Thank you for welcoming me to your committee. I hope to live up to my colleague whom I'm replacing today.
Good morning, Mr. Giroux.
I'd like to talk to you about a case that made the headlines in La Presse just last Saturday. More than just a case, it seems to me to be widespread and part of the dynamic of a lack of verification as to where funds are subsequently channelled. This is an article by Isabelle Hachey entitled “Quand les belles annonces d'Ottawa se dégonflent”. The number of registrations in the Indigenous Business Directory has increased by 40% in the past year, and the value of contracts had reached $862 million by 2022-23. So far, this sounds like good news. However, no one has verified whether the contractors or the people working on the contracts are truly indigenous.
Already at the outset of the Procurement Strategy for Indigenous Business, a federal report was warning us about the lack of verification of the work being done. The ArriveCAN case confirmed that schemes were being used to allow all sorts of small businesses to get their hands on contracts that really should have been reserved for indigenous people. What's more, last year more than 50 financial institutions raised their hands to say that the strategy was encouraging the use of shell companies.

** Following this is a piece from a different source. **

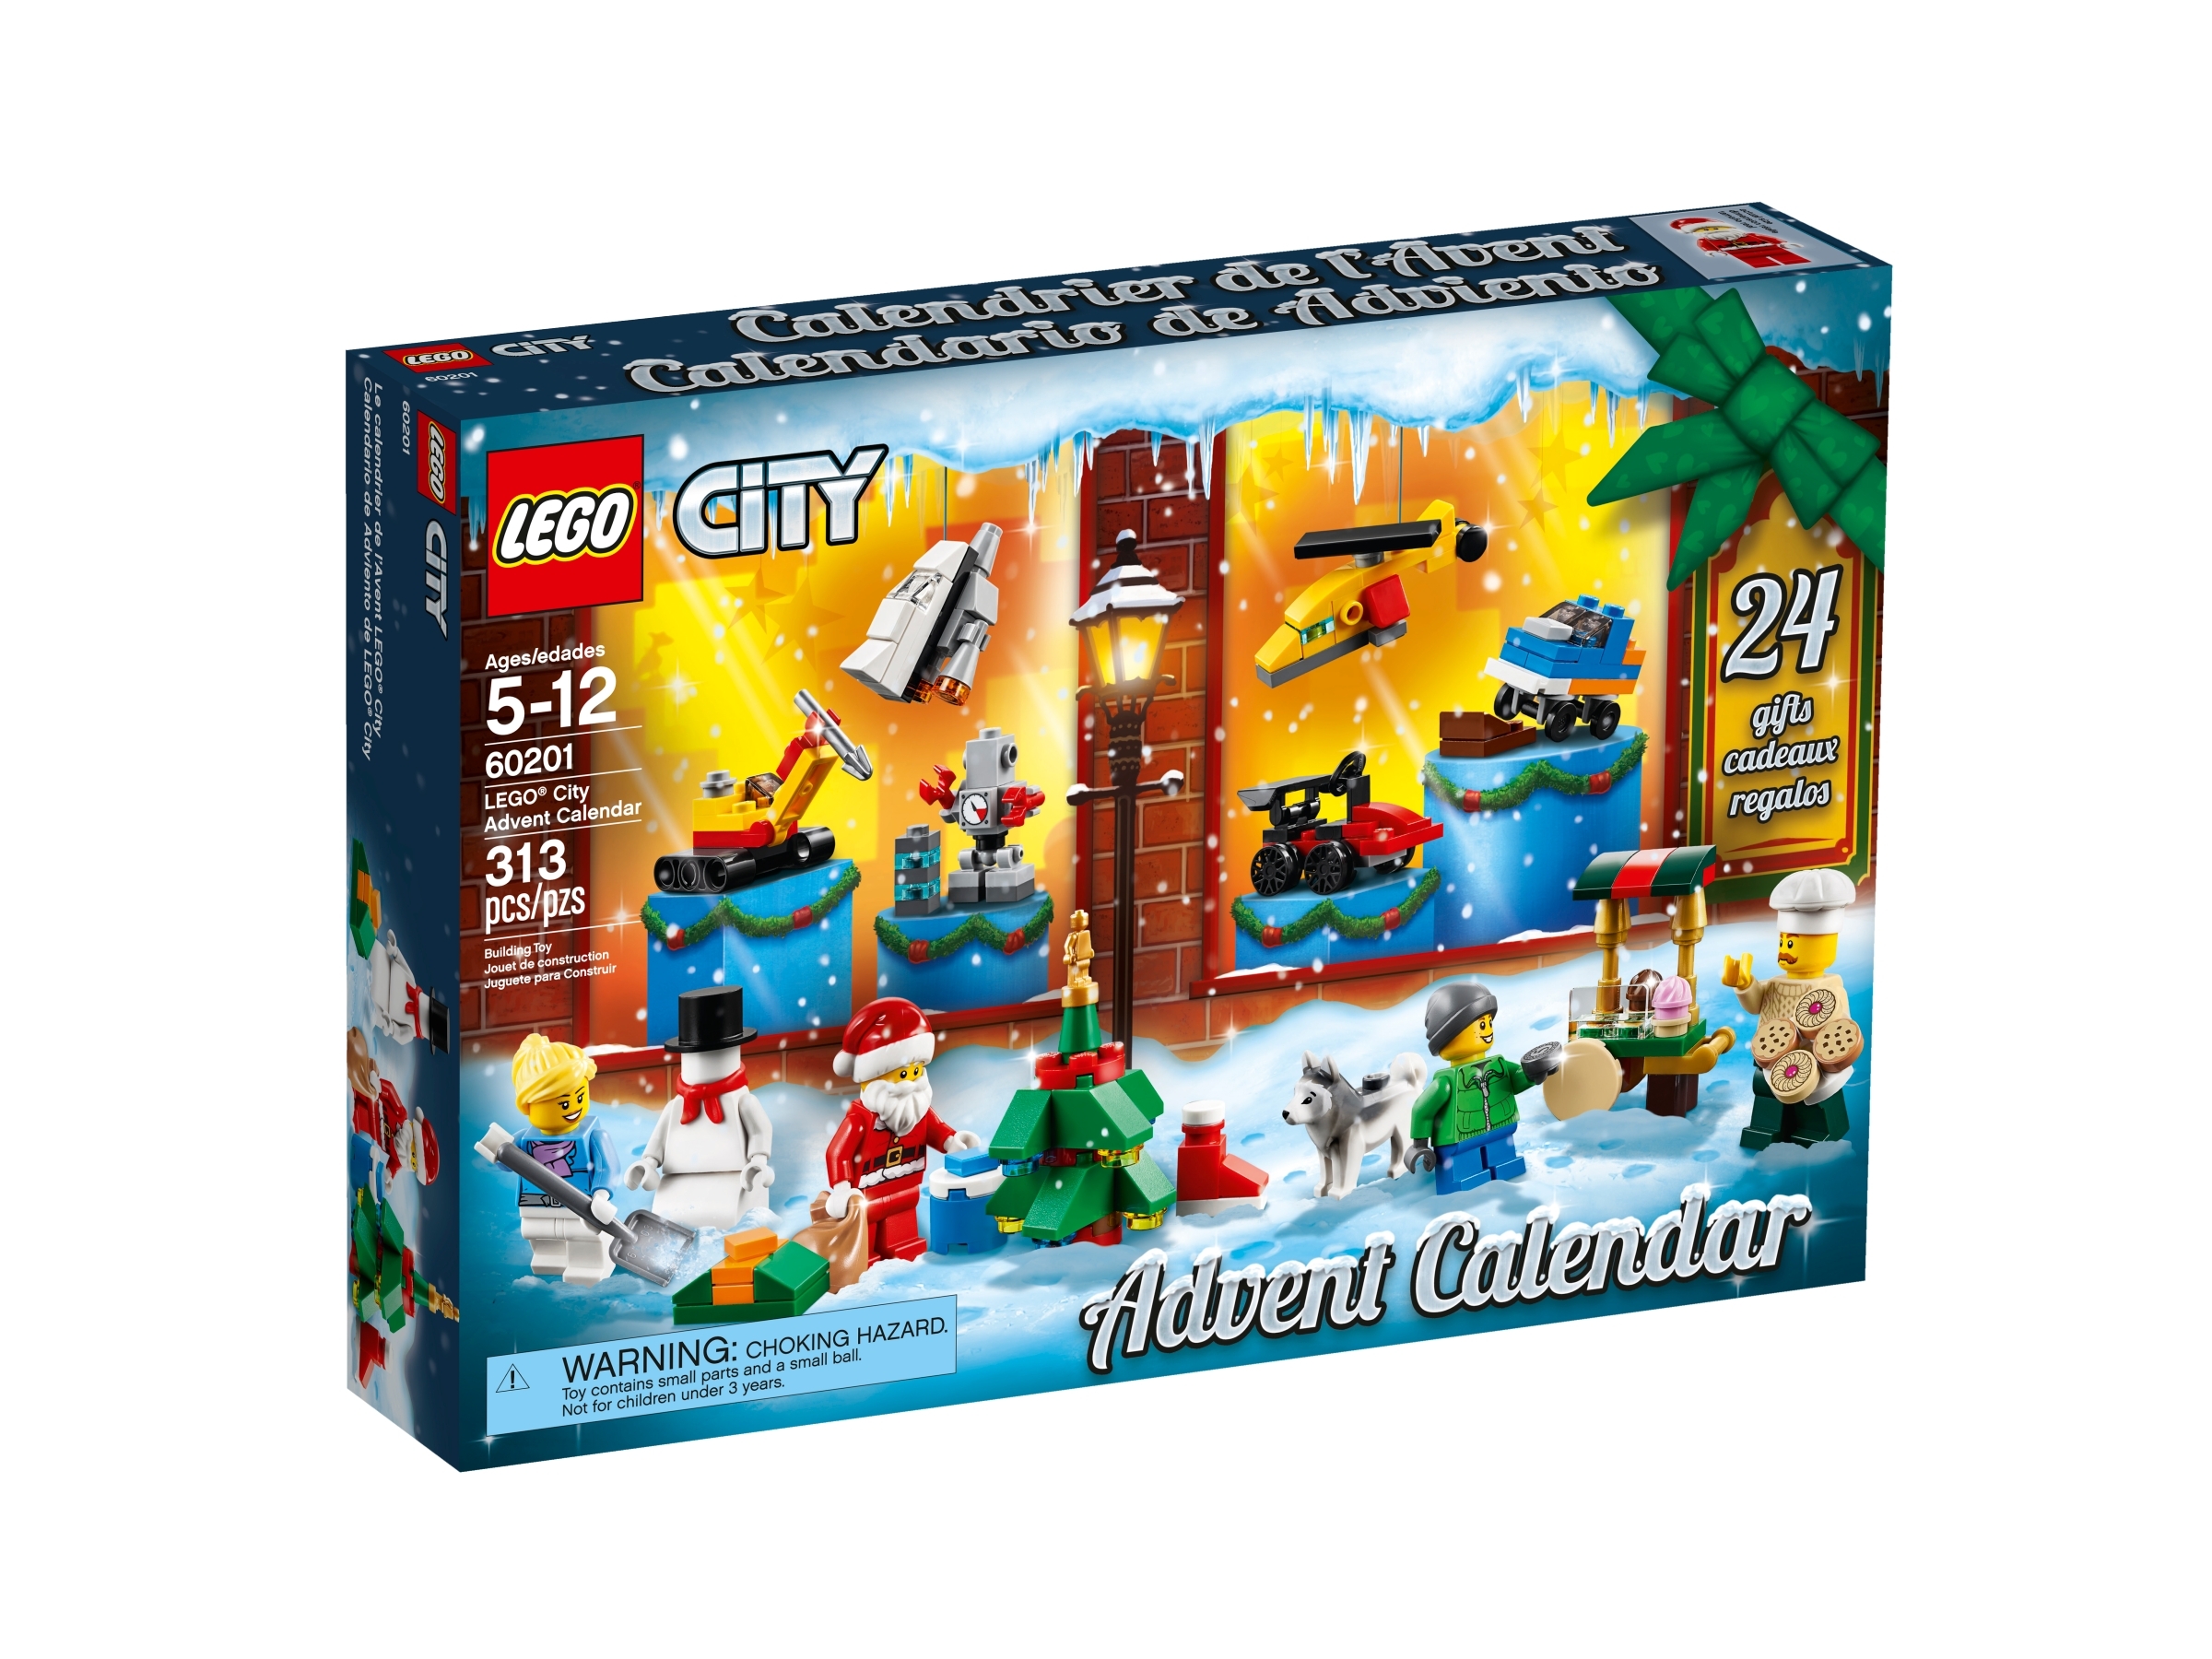 2019 lego city advent calendar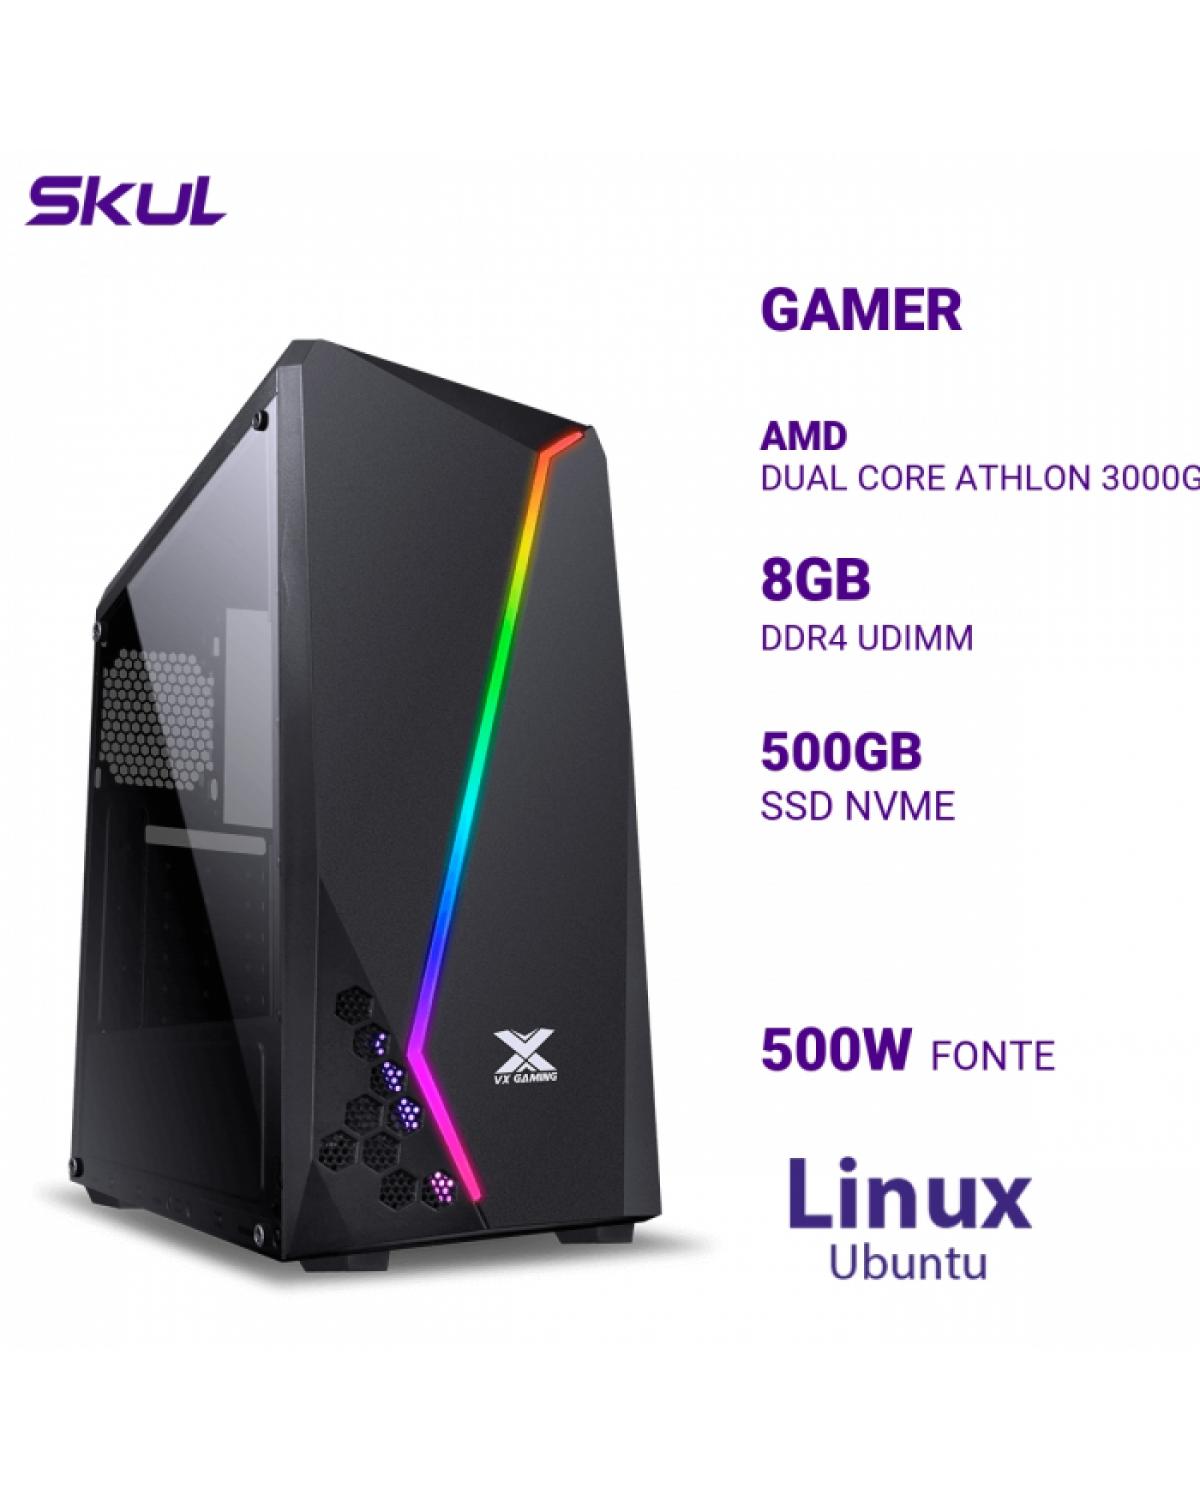 COMPUTADOR GAMER 1000 DUAL CORE ATHLON 3000G 3.50GHZ MEM 8GB DDR4 SSD 500GB NVME FONTE 500W LINUX

There's something I don't understand, and perhaps you'll be able to clarify it for me.
Personally, I have indigenous status and I have my card to prove it. I may not dress up as an indigenous person like some non-indigenous entrepreneurs do, including this man featured in Saturday's article. Yet, every time I deal with a government department for matters related to my status, I have to prove that I have indigenous status.
How is it that Ottawa, a bureaucratic behemoth that is fond of paperwork, suddenly turns a blind eye before pulling out the chequebook in this kind of situation?